Die PCR-Ergebnisse können durch Agarose-Gelelektrophorese oder Polyacrylamid-Gelelektrophorese (PAGE) visualisiert werden. Die Genotypisierung mittels PAGE ist arbeitsintensiv, bietet jedoch eine gute Auflösung. Für feingliedrige Studien können markierte SSR-Primer mit einem Fluoreszenzfarbstoff synthetisiert werden, um die Genotypisierung durch Kapillarelektrophorese unter Verwendung von Geräten wie dem ABI 3730 DNA-Analyzer durchzuführen. In diesem Fall wird jedes PCR-Produkt in eine Kapillare geladen, die eine Polyacrylamidmatrix enthält, in der die Elektrophorese durchgeführt wird. Die emittierte Fluoreszenz wird erfasst und die Molekularmasse des PCR-Produkts bestimmt. Anschließend wird ein Elektropherogramm erzeugt, das Lumineszenzspitzen zeigt, die jedem amplifizierten Allel entsprechen.

Referenzen:

1. Vieira M L C, Santini L, Diniz A L, u. a.Mikrosatellitenmarker: was sie bedeuten und warum sie so nützlich sind. Genetik und Molekularbiologie, 2016, 39(3): 312-328.

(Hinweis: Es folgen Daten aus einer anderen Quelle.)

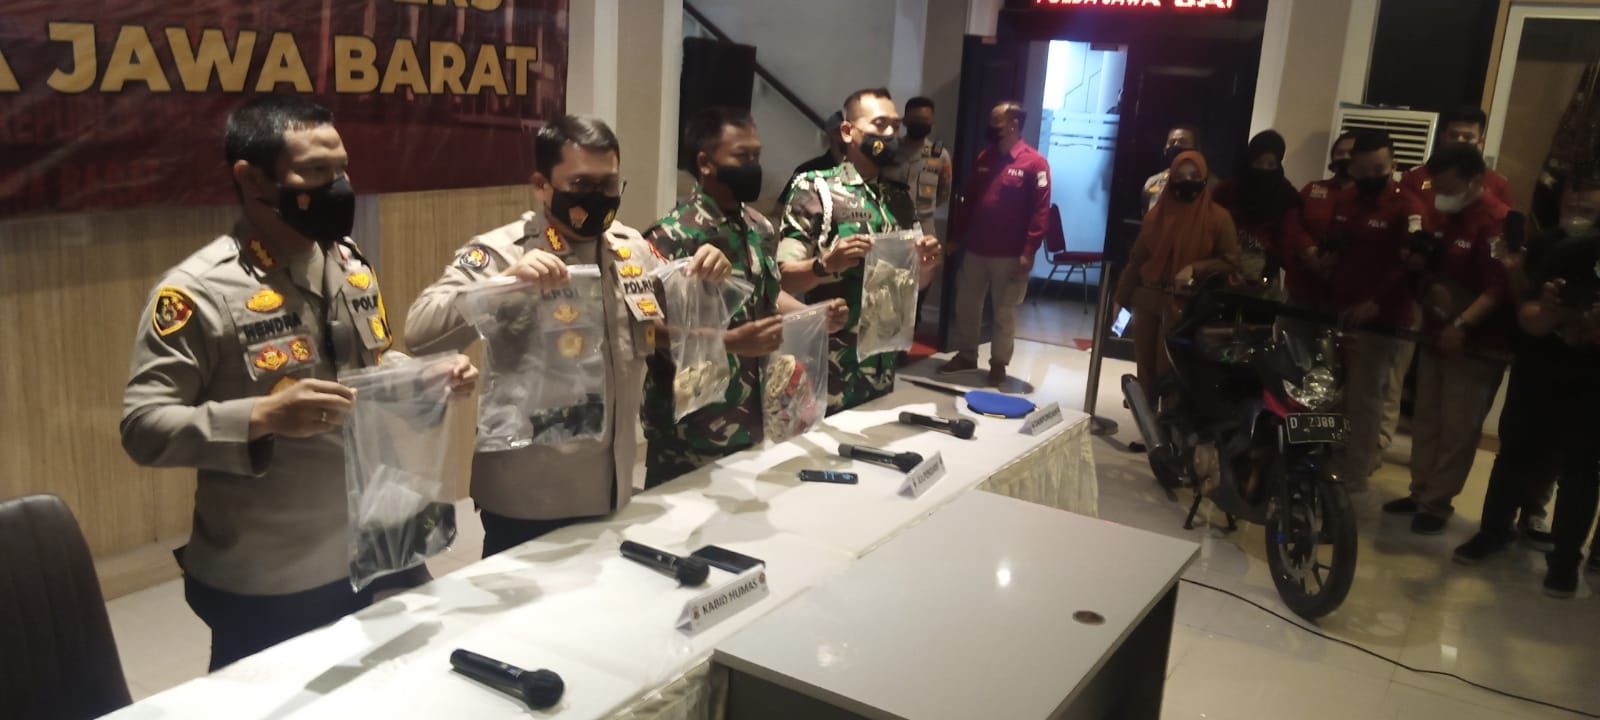 Kabid Humas Polda Jabar Kombes Pol Erdi A. Chaniago memperlihatkan barang bukti kasus tabrak lari di Nagreg, Kabupaten Bandung, hingga menewaskan dua sejoli, Handi Saputra dan Salsabila.

2. Saha D, Rana R S, Chakraborty S, u. a.Entwicklung eines Satzes von SSR-Markern zur Erkennung genetischer Polymorphismen und interspezifischer Hybridzüchtung von Jute. The Crop Journal, 2017, 5(5): 416-429.
3. Guichoux E, Lagache L, Wagner S, u. a.Aktuelle Trends in der Mikrosatelliten-Genotypisierung. Molekulare Ökologie-Ressourcen, 2011, 11(4): 591-611.